Jimbo
Jimbo

Reputation: 26513

Keeping a WKWebView and it's UIViewController in the background running and accessible from multiple ViewControllers

Background: In order to make web requests to an API endpoint, I need to scrape a website and retrieve a token every 25-30 seconds. I'm doing this with a WKWebView and injecting some custom JavaScript using WKUserScript to retrieve AJAX response headers containing the token. Please focus on the question specifically and not on this background information - I'm attempting this entirely for my own educational purposes.

Goal

I will have different 'model' classes, or even just other UIViewControllers, that may need to call the shared UIViewController to retrieve this token to make an authenticated request.

Maybe I might abstract this into one "Sdk" class. Regardless, this 'model' SDK class could be instantiated and used by any other ViewController.

More info

I would like to be able to call the UIViewController of the WKWebView and retrieve some data. Unless I re-create it every 25 seconds, I need to run it in the background or share it. I would like to be able to run a UIViewController 'in the background' and receive some information from it once WKWebView has done it's thing.

I know there are multiple ways of communicating with another ViewController including delegation and segueing. However, I'm not sure that these help me keep the view containing the WKWebView existing in the background so I can call it's ViewController and have it re-perform the scrape. Delegation may work for normal code, but what about one that must have the view existing? Would I have to re-create this WKWebView dynamically each time a different model, or view controller, were to try and get this token?

One post suggests utilising ContainerViewControllers. From this, I gather that in the 'master' ViewController (the one containing the other ones), I could place the hidden WKWebView to do it's thing and communicate to the child view controllers that way via delegation.

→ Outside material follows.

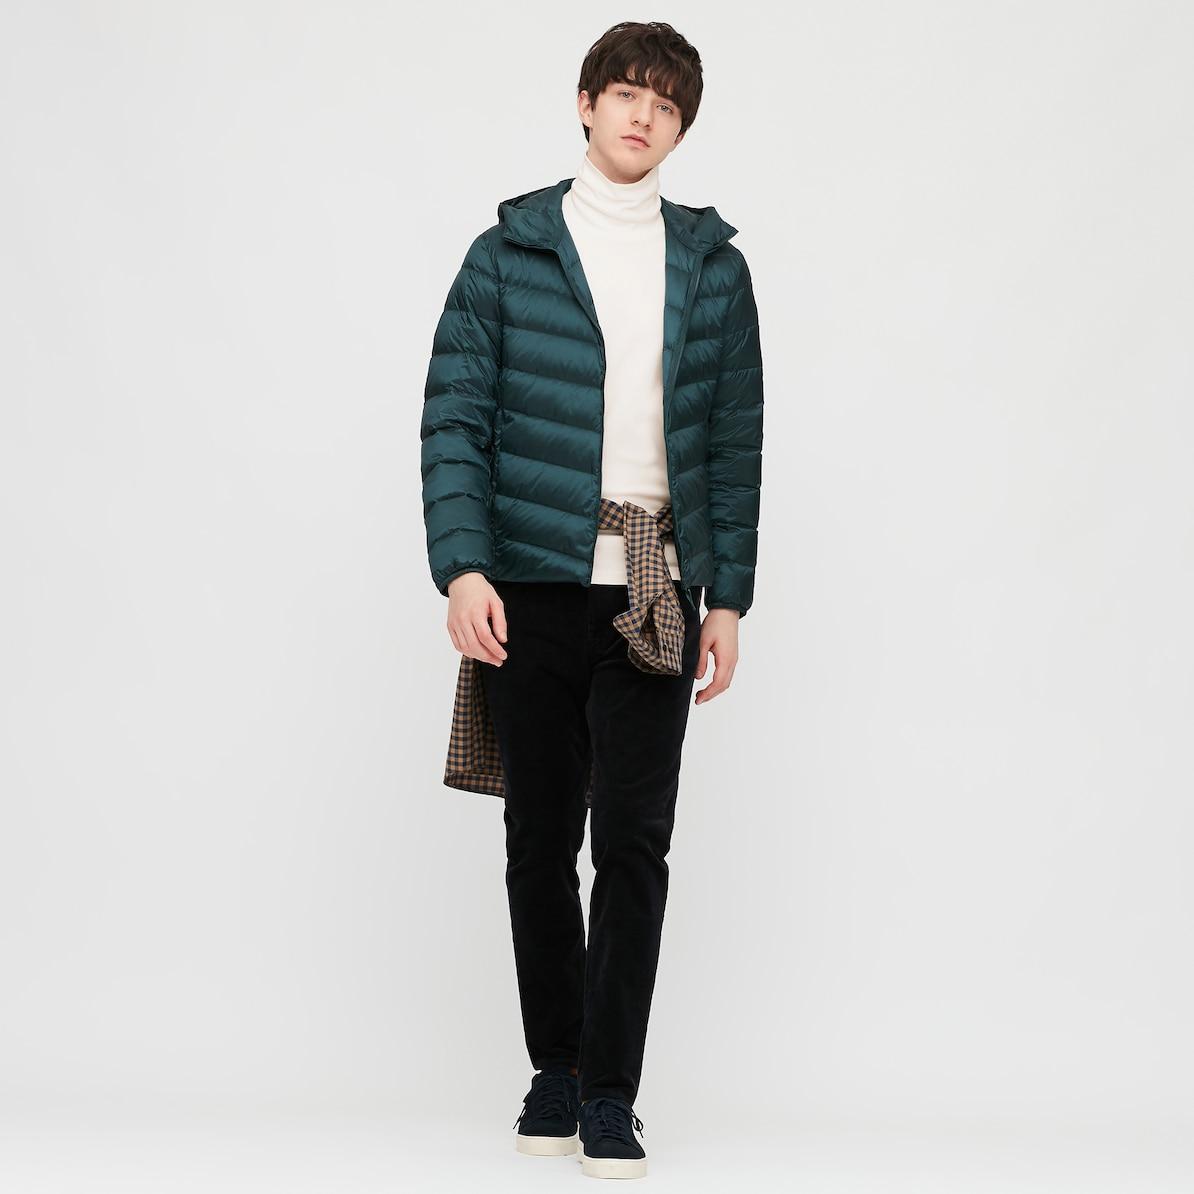 f:id:yamada0221:20201211122951j:plain
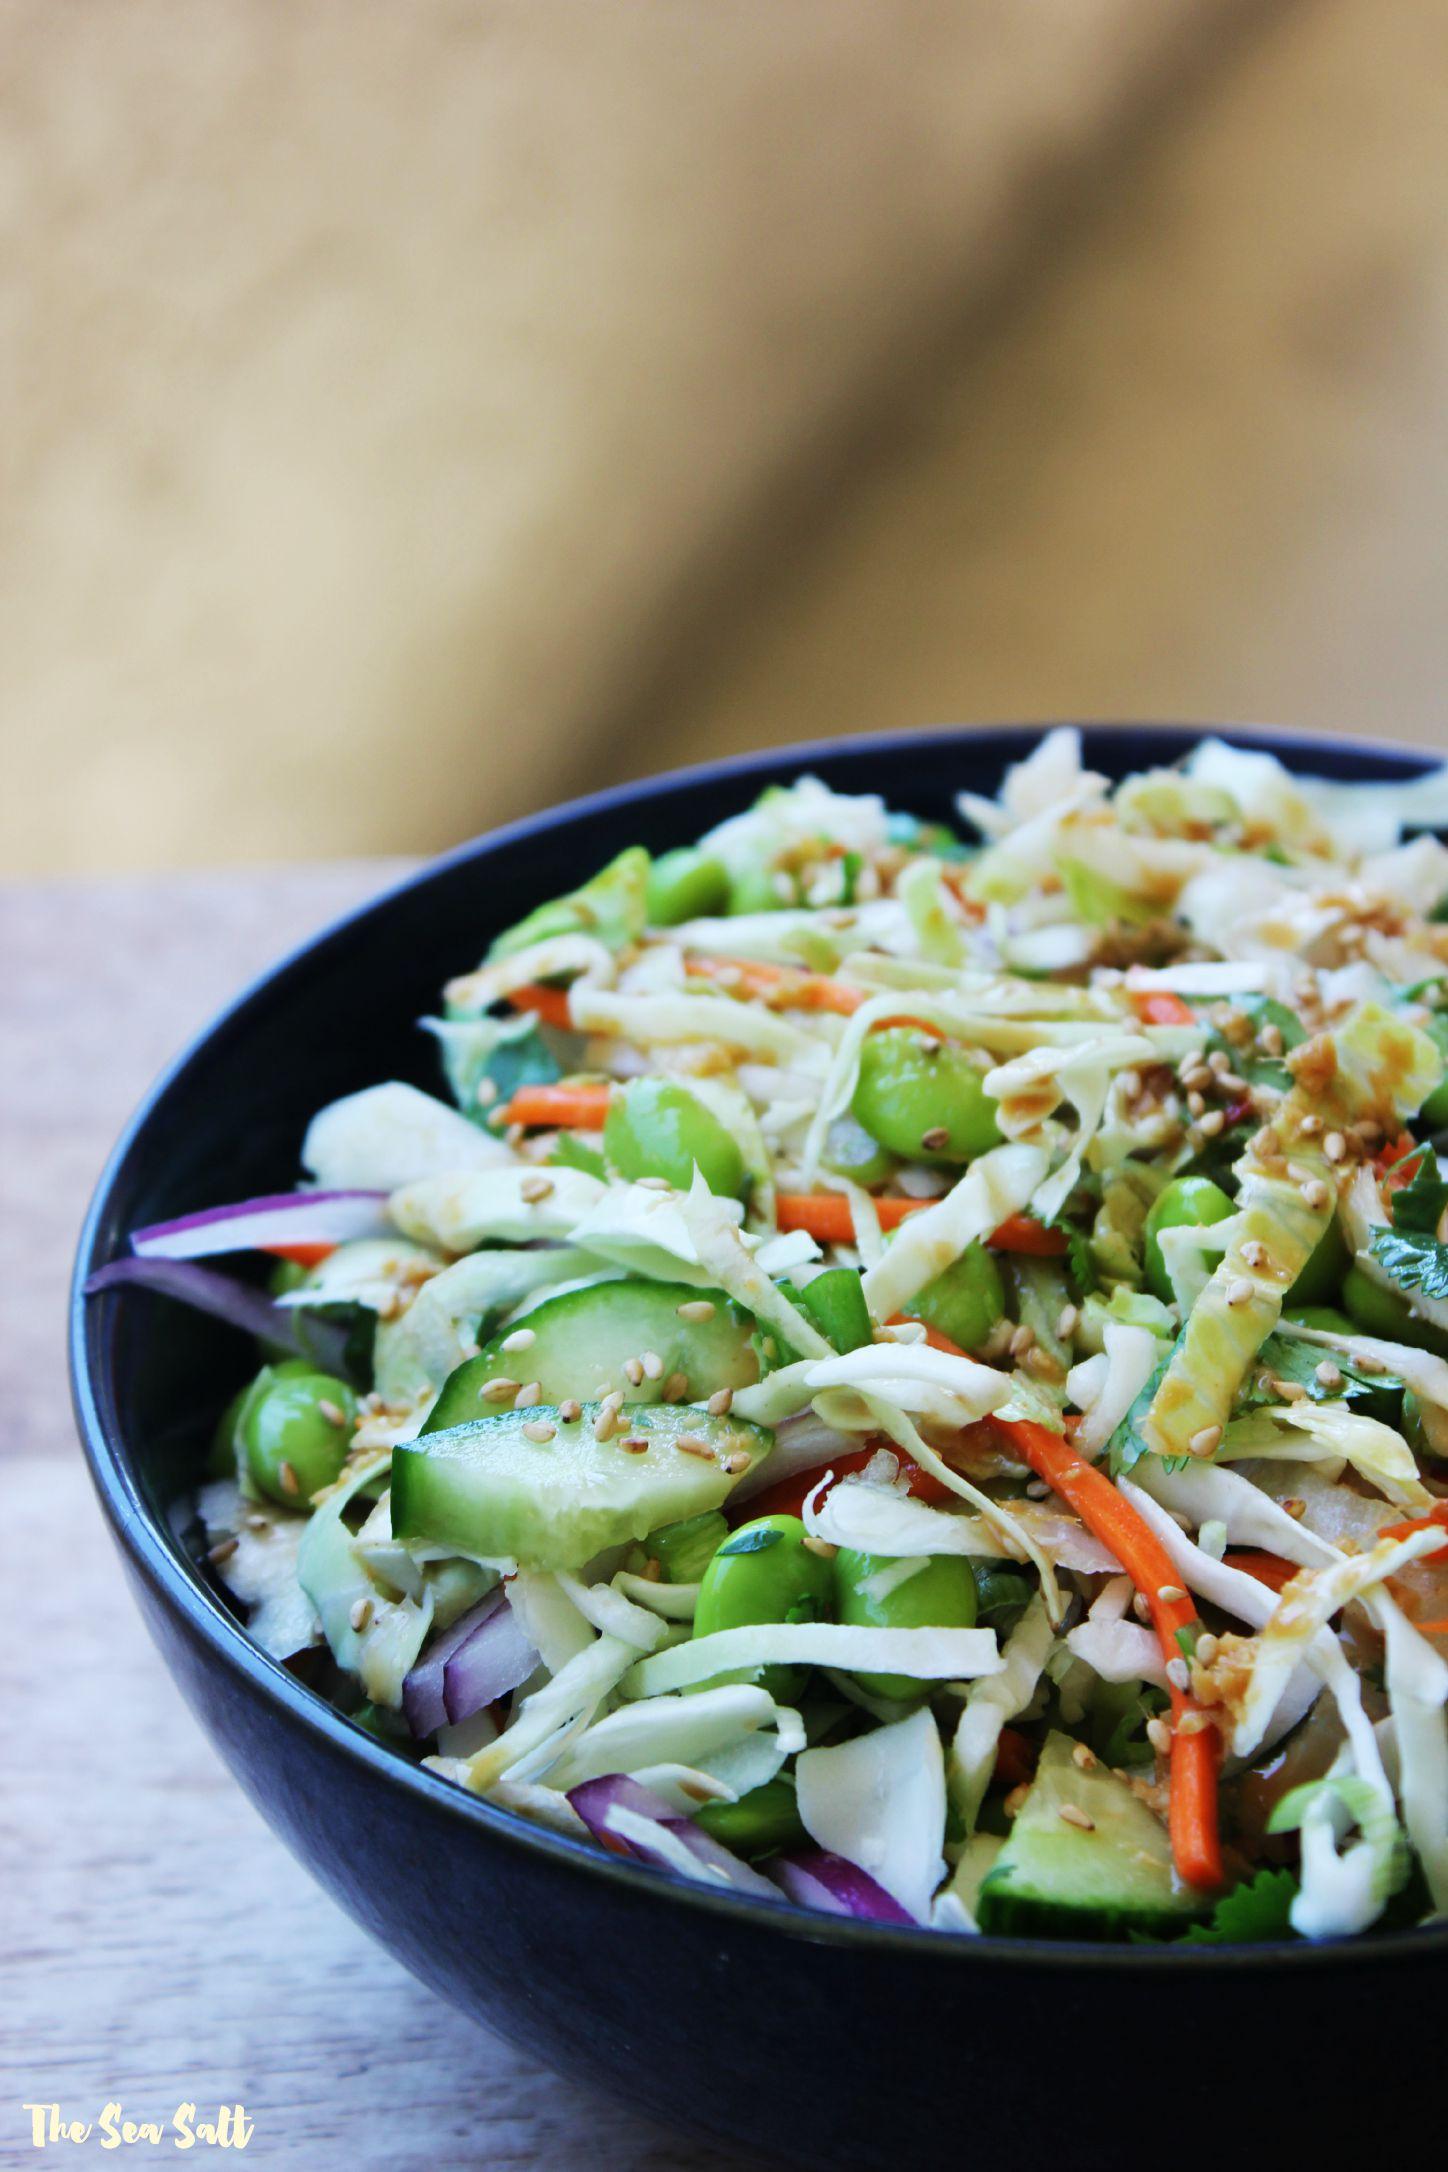 Crunchy Chopped Asian Salad

Another post suggests using AppDelegate and making it a shared service. I'm completely against using a Singleton as it is widely considered an anti-pattern. There must be another way, even if a little more complex, that helps me do what I want without resorting to this 'cheat'.

This post talks about communicating between multiple ViewControllers, but I can't figure out how this would be useful when something needs to stay running and executing things.

How about any other ways to do this? Run something in a background thread with a strong pointer so it doesn't get discarded? I'm using Xcode 9.2, Swift 4, and iOS 11. As I'm very new to iOS programming, any small code examples on this would be appreciated.

Upvotes: 1

Views: 1948

Answers (2)

Jimbo
Jimbo

Reputation: 26513

Unfortunately, WKWebView must be in the view hierarchy to use it. You must have added it as a sub view of an on-screen view controller.

This was fine for me. I added this off-screen so it was not visible. Hidden attribute might have worked as well. Either way you must call addSubview with it to make it work.

There are some other questions and answers here which verify this.

Upvotes: 3

Mohamad Bachir Sidani
Mohamad Bachir Sidani

Reputation: 2099

Here is a way if you don't wish to use a singleton.

1- In the DidFinishlaunchingWithOptions, Make a timer that runs in the background and call a method inside the app delegate Called FetchNewToken.

2- In FetchNewToken, make the call needed and retrieve the new token (you can use alamofire or any 3rd library to make the call easier for you).

Up on successfully retrieving the token, save it in NSUserDefaults under the name upToDateToken

You can access this token anywhere from the application using NSUserDefaults and it will always be up to date.